For all the differences between my life and my mother’s, I am like her in more ways than I am not. My parents taught me to read when I was 3, but they also taught me to pitch in as they planted tomatoes and zucchini, knocked down walls and added bathrooms, made our clothes and our dishes. (We had a kiln in the basement.) If I ever had a piece of store-bought bread, I don’t remember it. This was their way of making sure my older brother, who was brain-damaged at birth and never learned to read or write, had a lot of life around him to take part in. When I was young, I thought my upbringing would turn out to be useful only if I wanted to become an interior designer or a survivalist. But, for reasons too long to write about, it led me into journalism as surely as if we talked about the missile gap every night at dinner.

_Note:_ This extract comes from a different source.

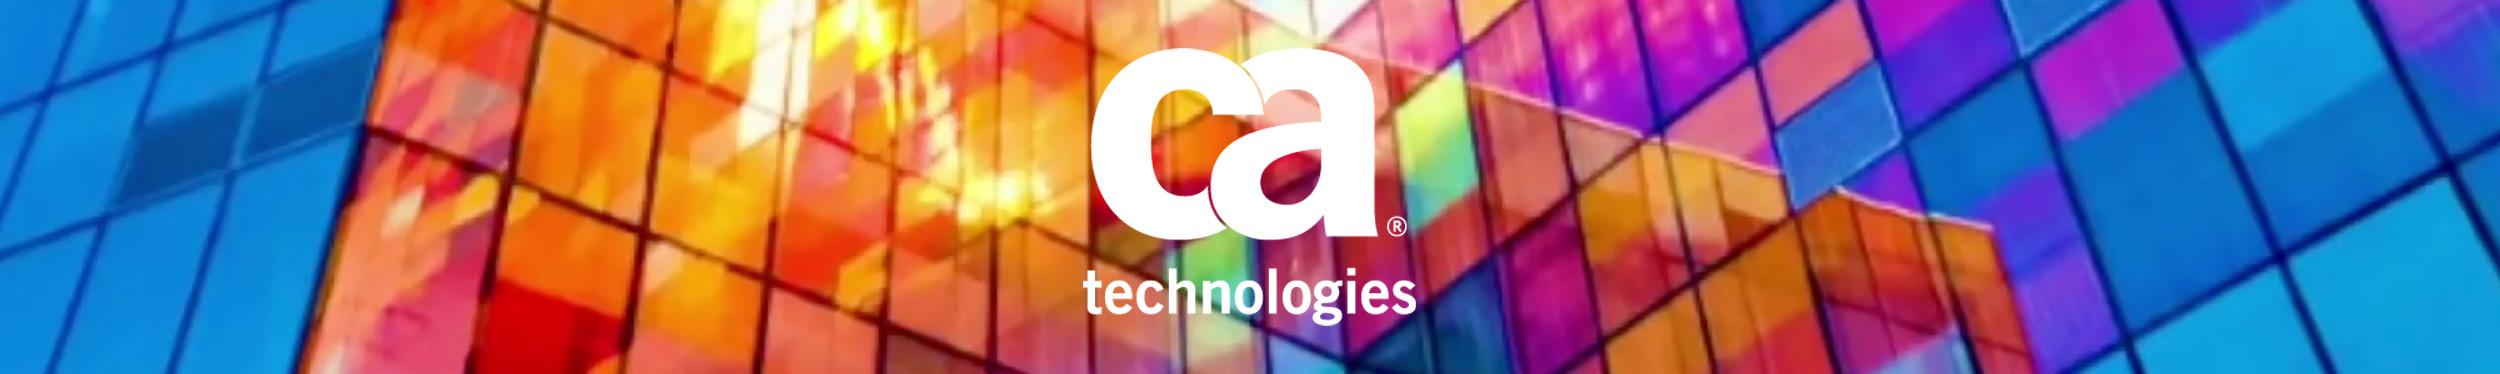 StudioMetria | CA Technologies

On Mother’s Day, I’ll be reading from my book at Politics and Prose bookstore (C-SPAN’s Booknotes is airing the reading), and Courtney and David and my brother Jimmy will all be there. Afterward, we won’t be celebrating me. We’ll roast a chicken, mash some potatoes, and bake an apple pie; I’ve already got the starter going to make bread. We could visit my mother’s grave on Mother’s Day, or we can have a feast. A feast it will be.

This morning I did radio interviews in my pajamas 

After spending this morning doing three drive-time radio interviews in my pajamas—not a bad way to make a living—I’m now heading to the Department of Motor Vehicles. Is there a worse department in all of government? I spent two hours a few weeks ago trying to get my address changed on my driver’s license and registration, which had expired. I had the deed with all kinds of official stamps on it. But I didn’t have a utility bill, so no dice. The gas company holds my parking sticker in its hand.